Being a PK comes with a lot of stress. I remember being a young kid, sleeping with my mom in her big girl bed, wondering what my Dad was doing. My Dad was at school learning how to be a preacher. That was all I knew. I remember one night, my Mom told me, "If anything ever happens to me, you make sure all of my dolls are taken care of." She used to collect porcelain dolls. I remember how empty that statement made me feel. I remember thinking, "What if something happens to my mom and my dad doesn't make it home?" Of course, none of that happened. My Dad graduated, came home forever, and my Mom got rid of all of her dolls she once held so dear.
I've always looked up to my Dad. Not only is he the best Dad ever, but he is also an admirable man who sacrificed to be able to spread the word of God to others. Because of that, my adult life as a Christian has been trying at times. I have always tried my best to do the right thing. Because it was what I was taught. It was what I was shown. It was what I believed. Sometimes in doing that, I got hurt. I got scarred. I have wounds that took years to heal. It's really hard for me sometimes to go to a church where my Dad isn't the preacher. That has been a struggle for me that no one has known about for years. Andy Stanley said, "If you're a preacher's kid, you see the church differently." Truer words have never been spoken. I find myself being really skeptical of certain things at a church. It took years for me to even wear jeans to a church service. I actually quit going to a church one time because the Preacher wore jeans to preach in every Sunday morning. Little things like that bother me. Why? Simply because I never saw my Dad preach in jeans.
I know that I am hard to love. Hence the title of this blog. One reason being because I am a Preacher's kid. I'm far from perfect. I'm very hard to deal with, especially in the mornings. If something upsets me, I'm completely done for a day or so. I'm horrible about letting one small thing ruin my whole day. I think it comes from me feeling like I don't measure up. I feel like God expects more out of me because I am a Preacher's kid. I don't feel worthy of God's love. It's hard for me to accept the fact that He loves me and that nothing I can do will ever take that love away. Just recently, I have been thinking about our church. My husband started helping with the youth and at first it was hard for him to do it without me. I tried to explain to him that we aren't all called to do the same things. I tried to show him that I have already done that in the past and I felt like God was done with me in that area. Within that struggle, it really made me think. It made my heart do some real soul searching. I began to wonder, "What good can I do for the church?" The more I thought about that, the more I missed the way I grew up.

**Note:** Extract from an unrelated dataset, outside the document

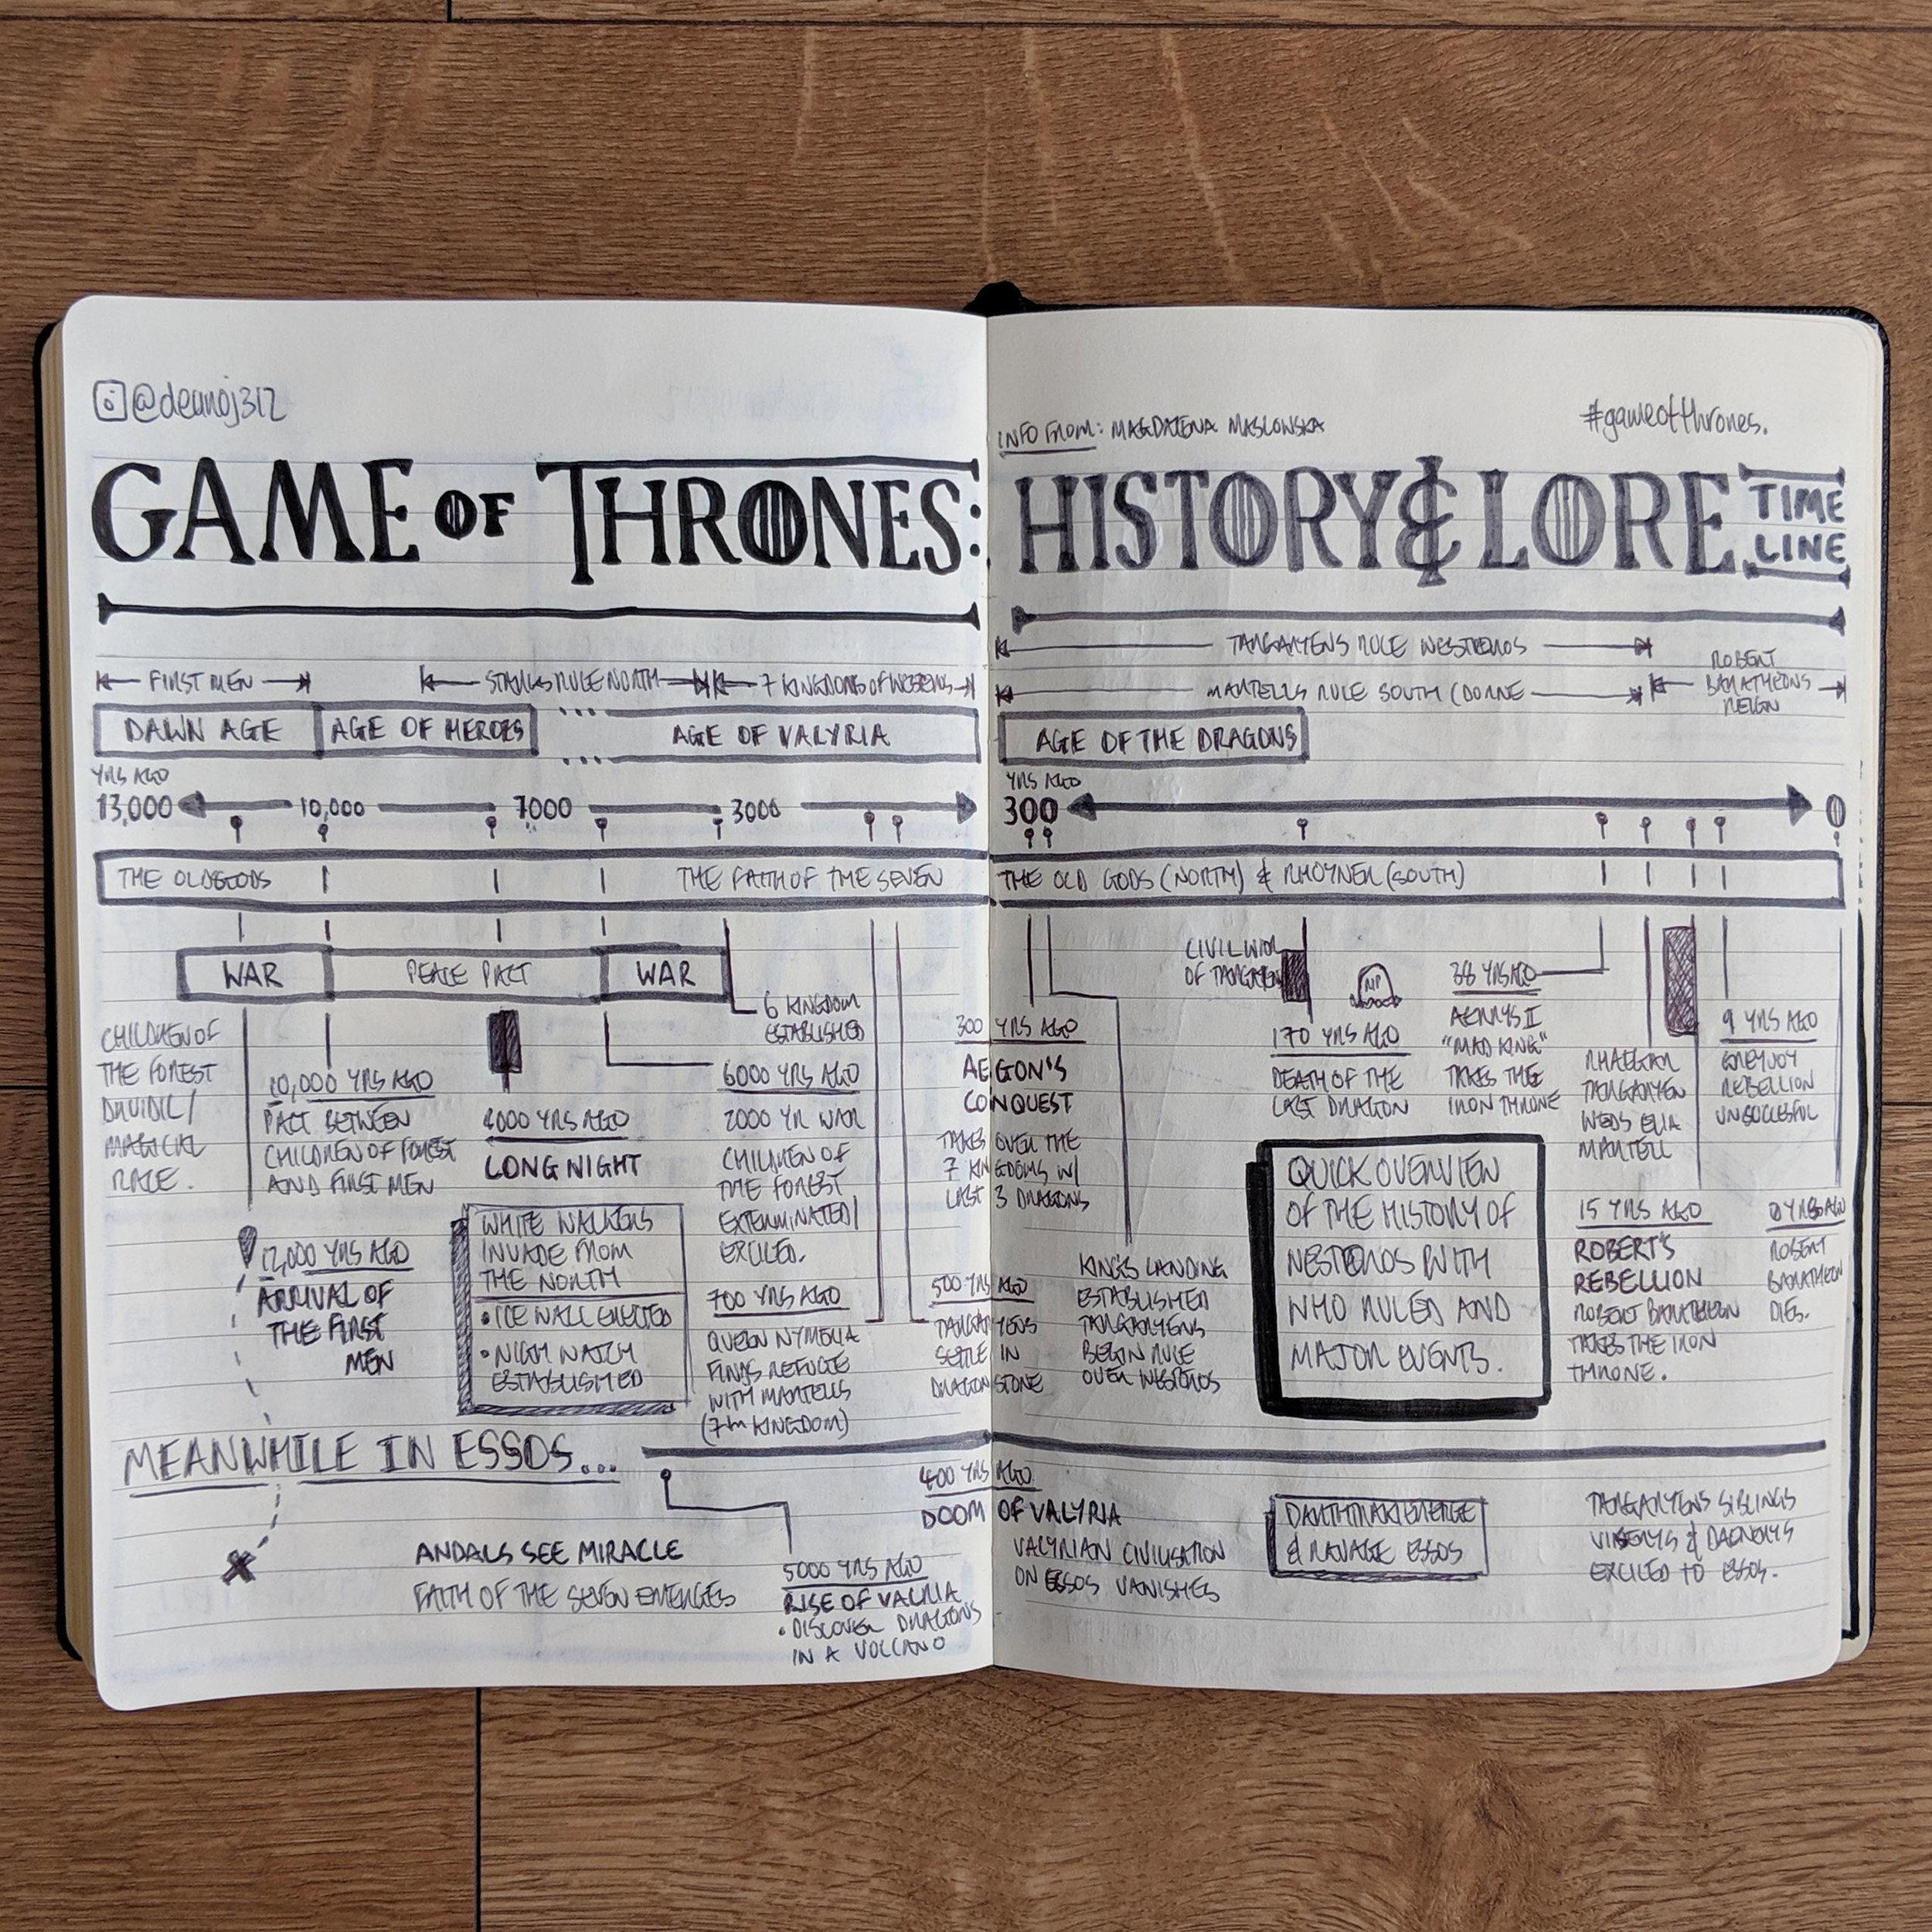 GoT-HistoryAndLore1.jpg
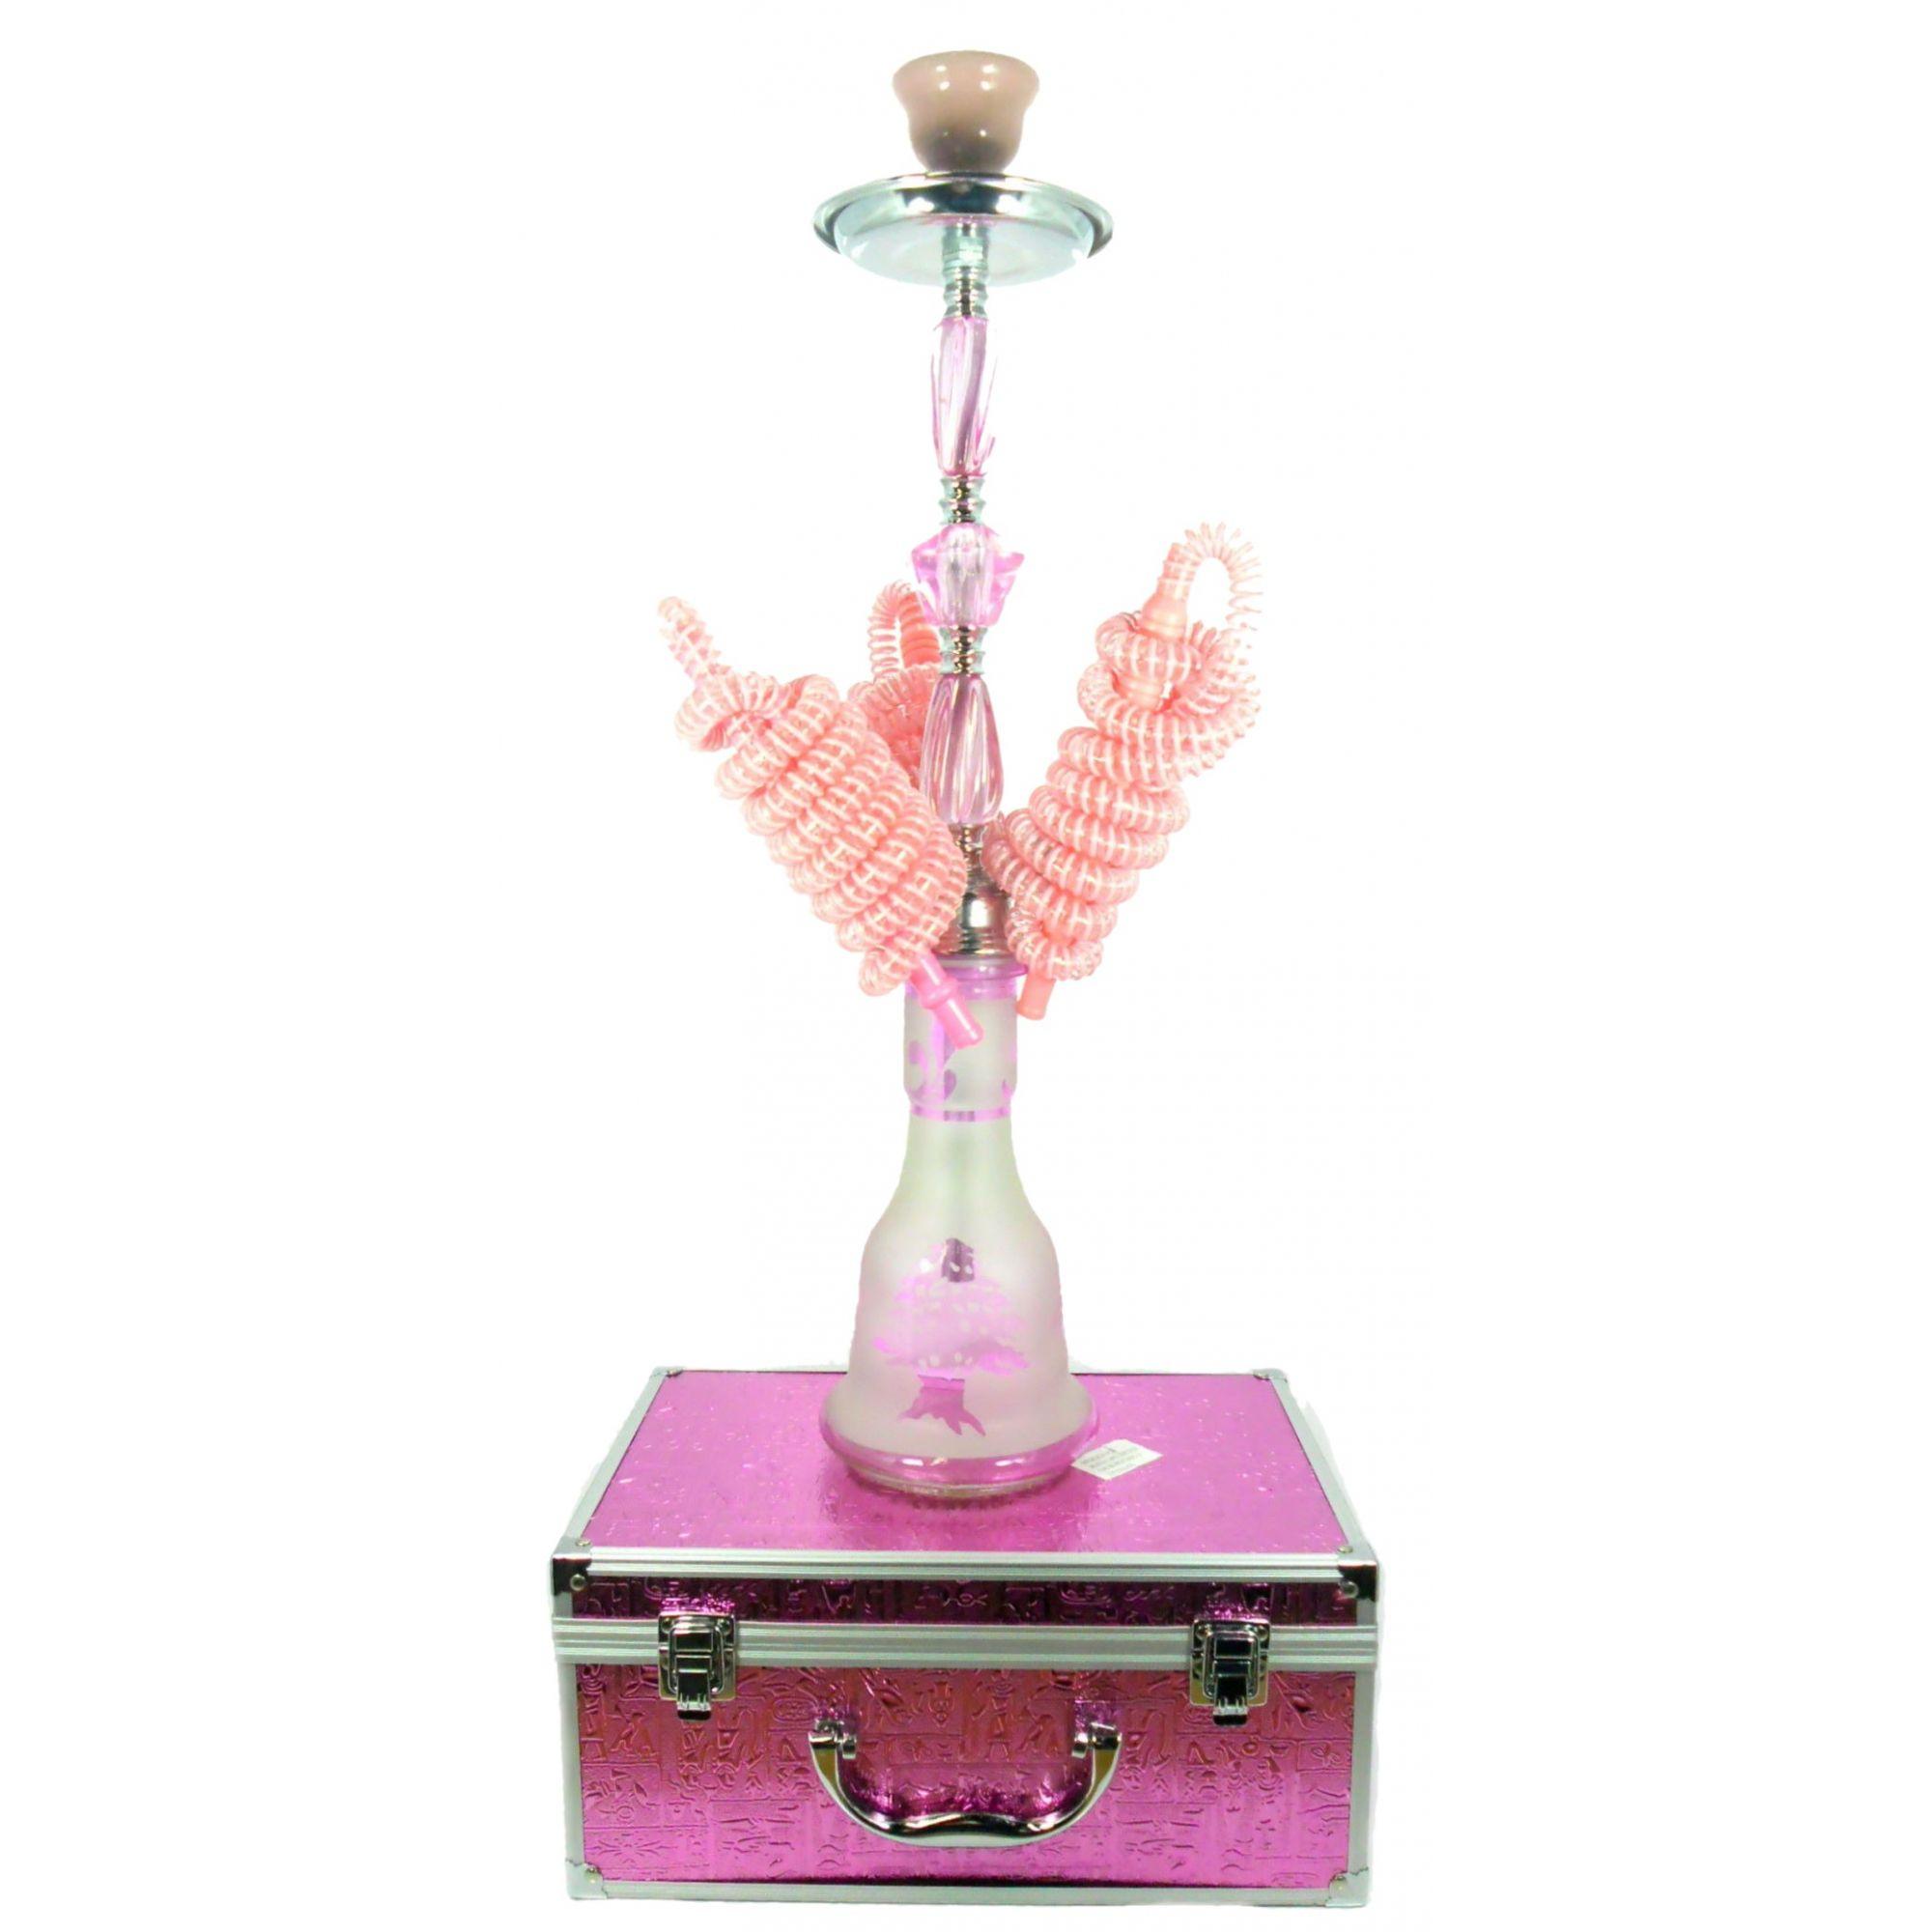 Narguile MD Hookah 55cm COM MALETA. Três mangueiras, vidro ROSA jateado, corpo cromado AB543SMALRS

One night I saw a post on Facebook. It was some friends of mine who had been at church for a birthday party for their son. All of their church friends were sitting around enjoying this party with food, fun, fellowship, and of course, cake. I said out loud, "I miss the Wednesday night Spaghetti dinners." My husband said, "What do you mean?" and I said, "Sometimes I miss being in a small church where everybody knew me." See, I went from being the Preacher's Kid for a lot of years to being just Natasha. Or even more so, Dustin's wife. I have really struggled with fitting in at our church and so it made my struggle for looking for my place in the church even harder. I was really having a hard time with it. The next morning after the Facebook post, I heard a song on my way to work. It was the first time I had heard it, and it completely changed my heart. Just like that, I didn't have to struggle anymore. The song is called "Real Love" by Blanca.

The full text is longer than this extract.